Print only the lines from the one with "Leila Abdul-Rauf /" through the end of the data, exactly, and please omit pictures.

▶ [Data below]:
•••••

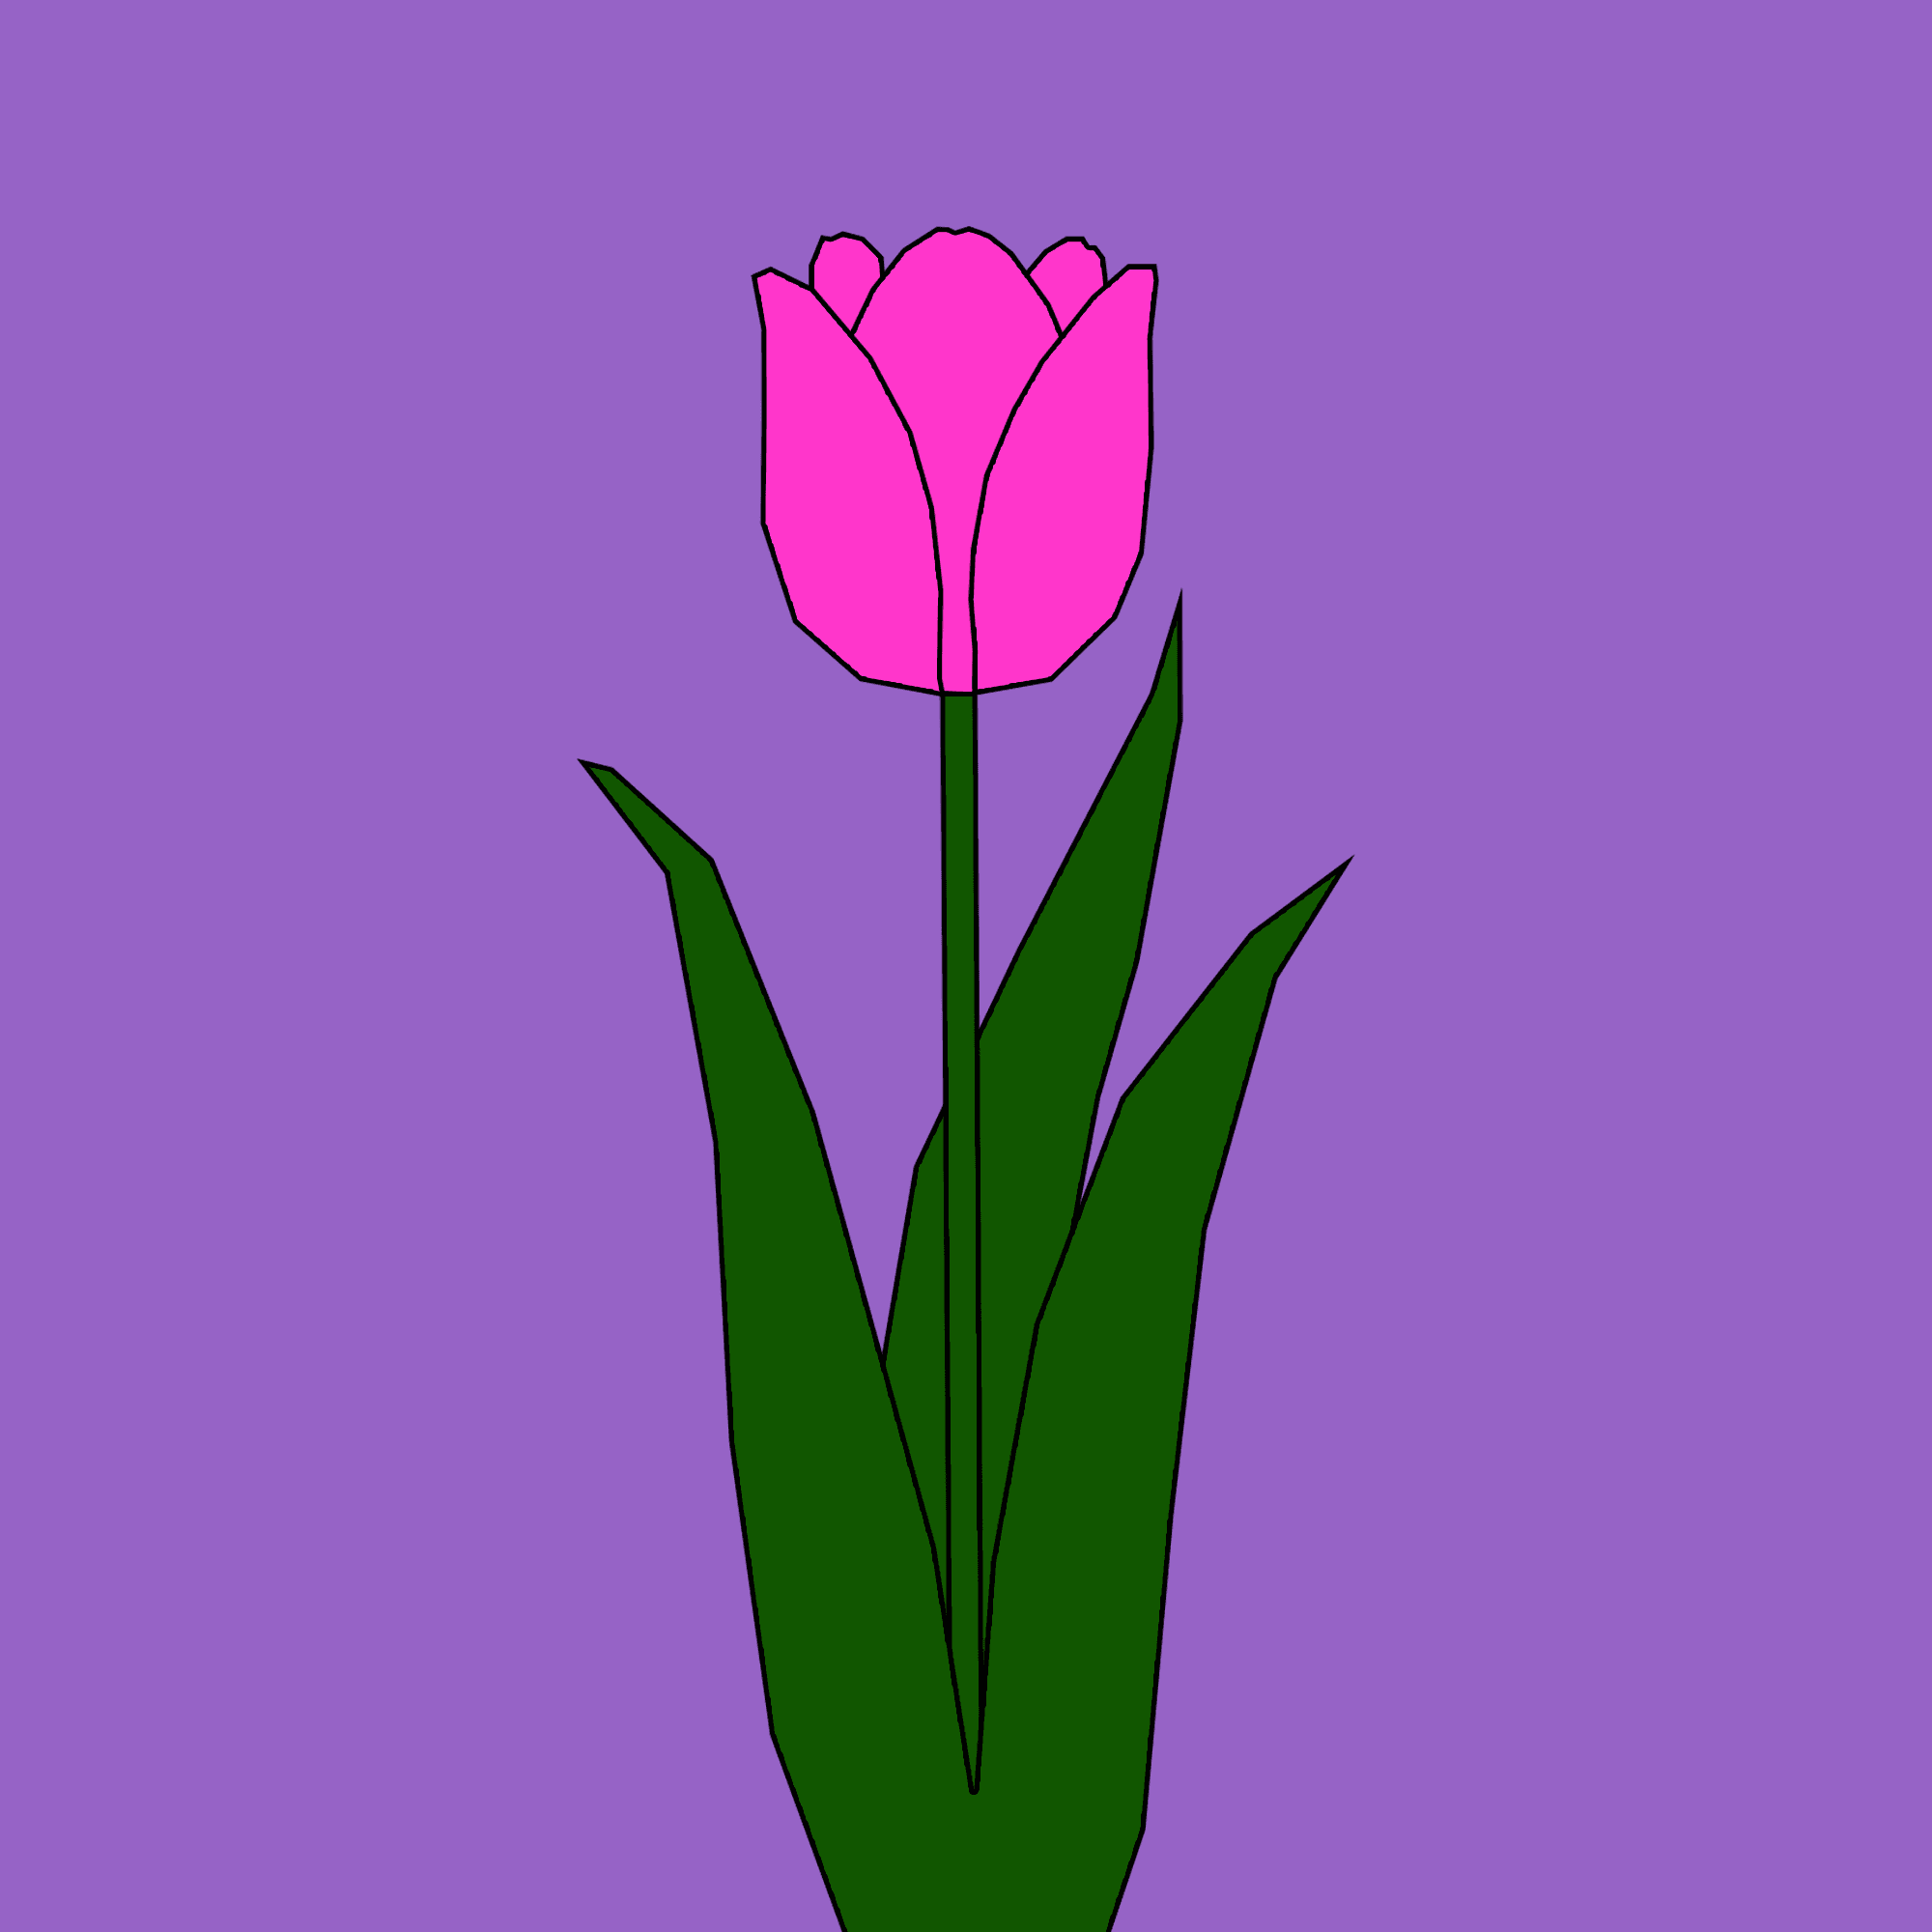 Hoa tulip nướng - sự kết hợp hoàn hảo giữa mùi thơm của hoa và vị ngọt của bánh kếp bên trong. Thực đơn bạn phải thử ít nhất một lần trong đời! Nhấn vào hình ảnh để được hướng dẫn cách làm bánh hoa tulip ngon nhất.
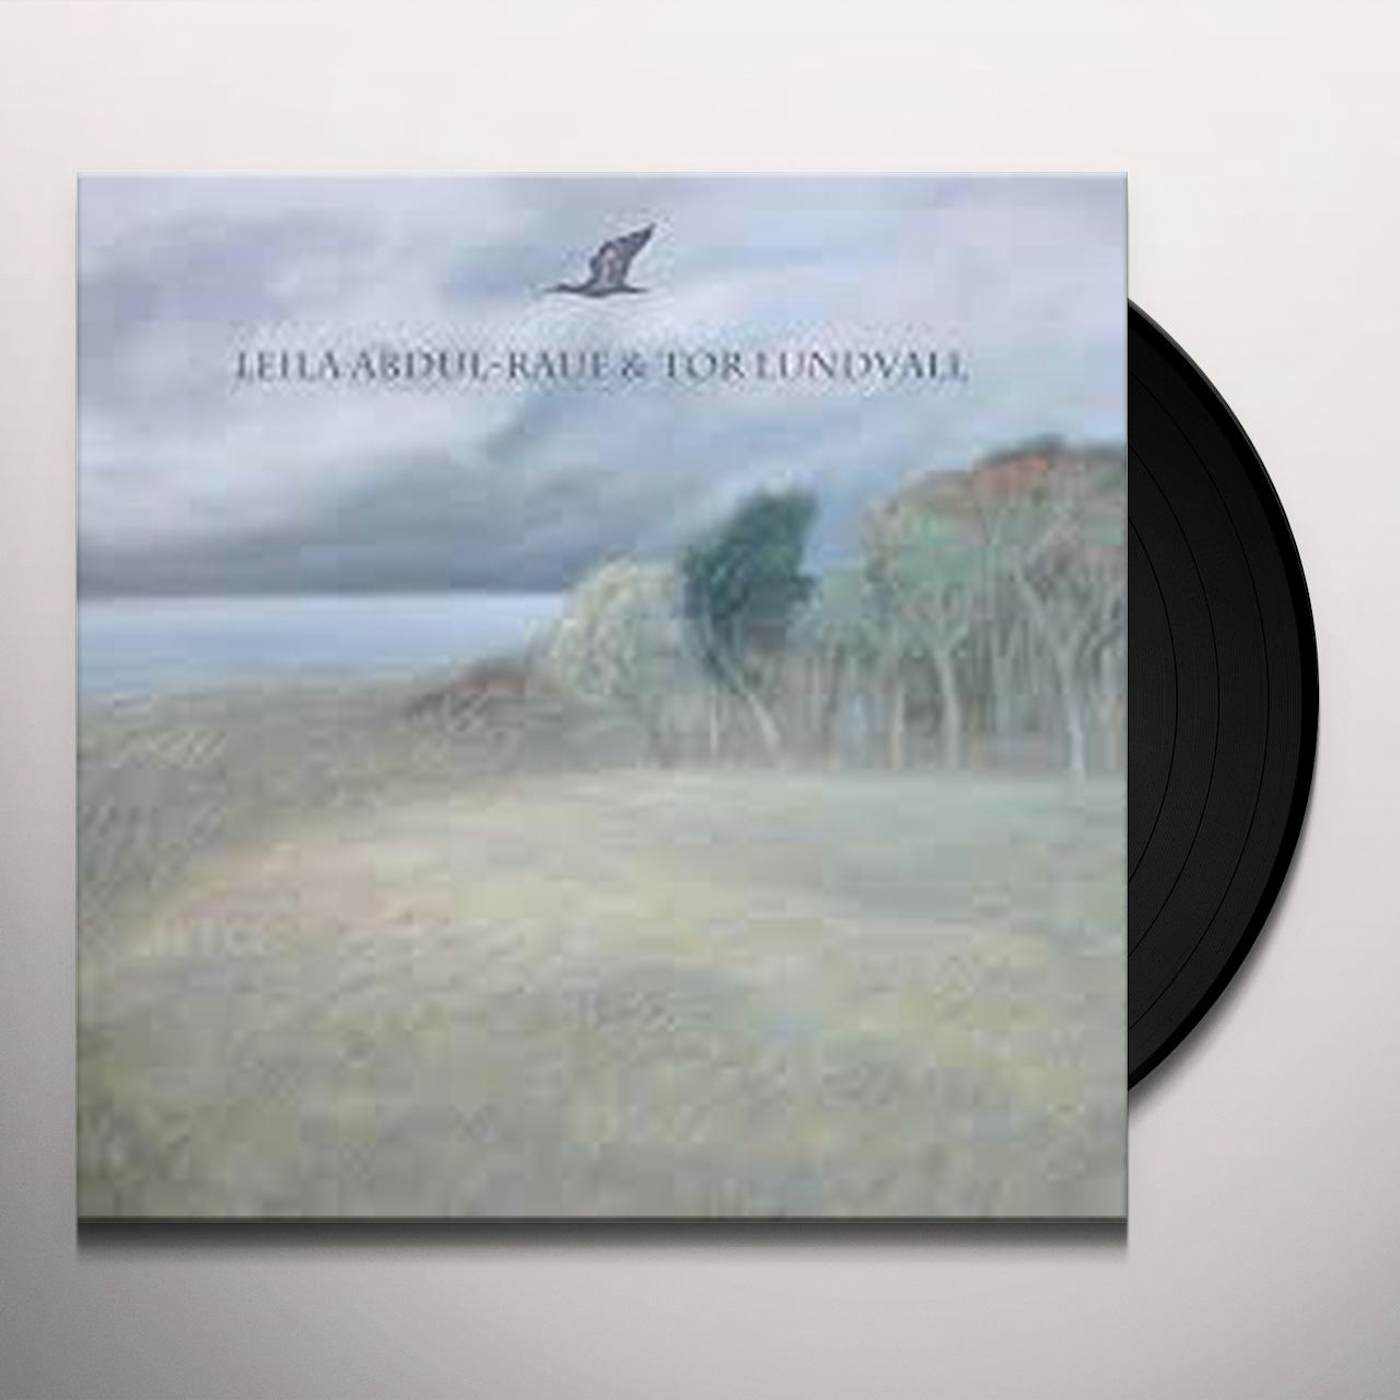 Leila Abdul-Rauf / Tor Lundvall Ibis / Quiet Seaside Vinyl Record
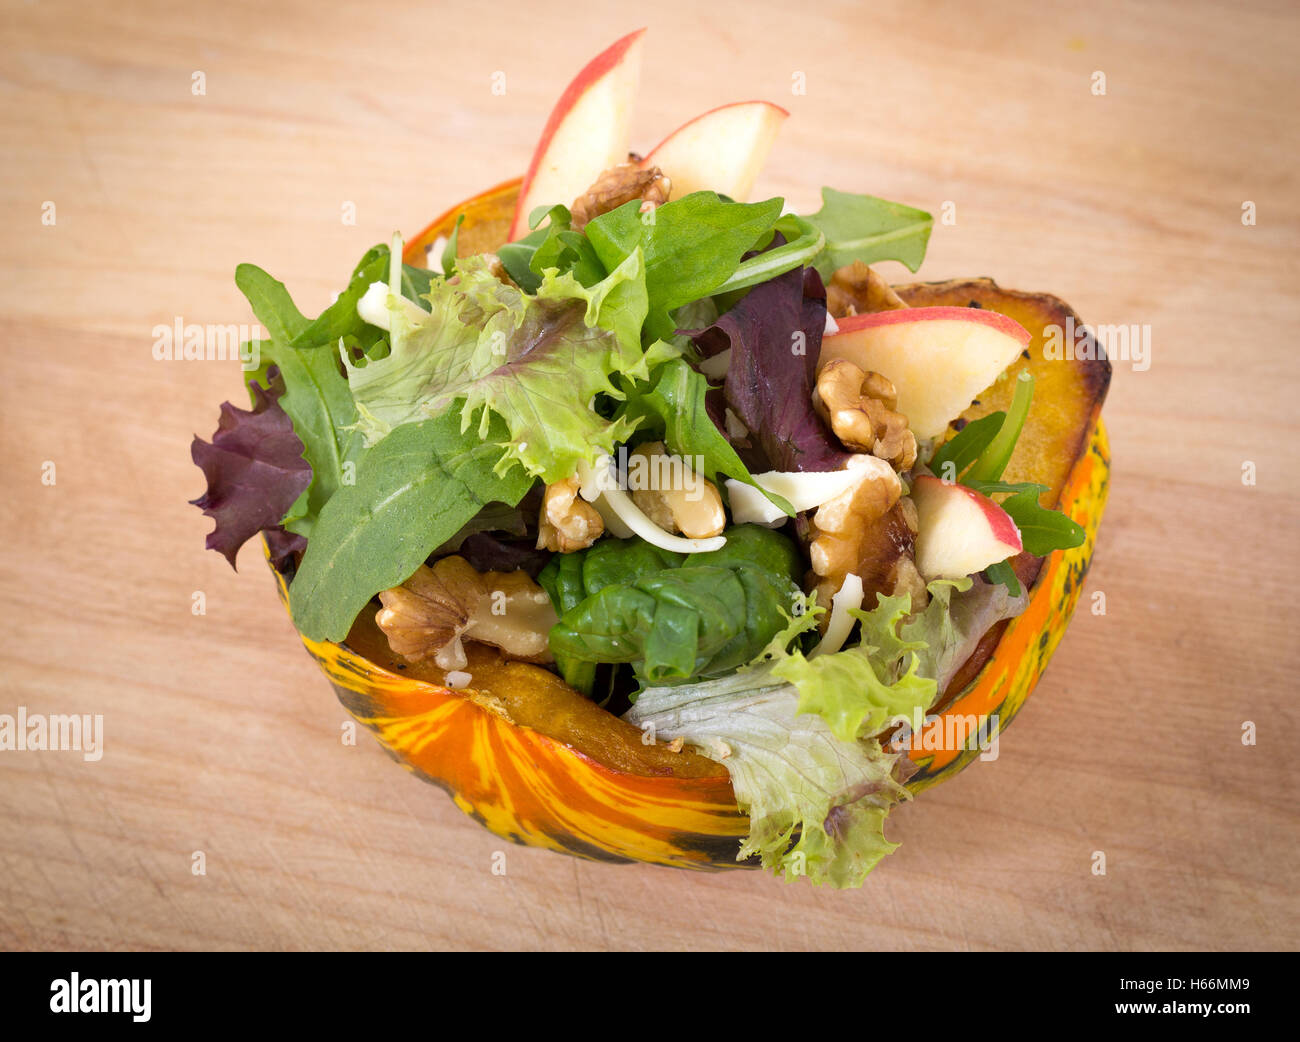 Carnaval farci avec de la courge salade noix apple sur table en bois libre studio shot Banque D'Images

•••••

▶ [Expected answer]:
 Leila Abdul-Rauf / Tor Lundvall Ibis / Quiet Seaside Vinyl Record
 Carnaval farci avec de la courge salade noix apple sur table en bois libre studio shot Banque D'Images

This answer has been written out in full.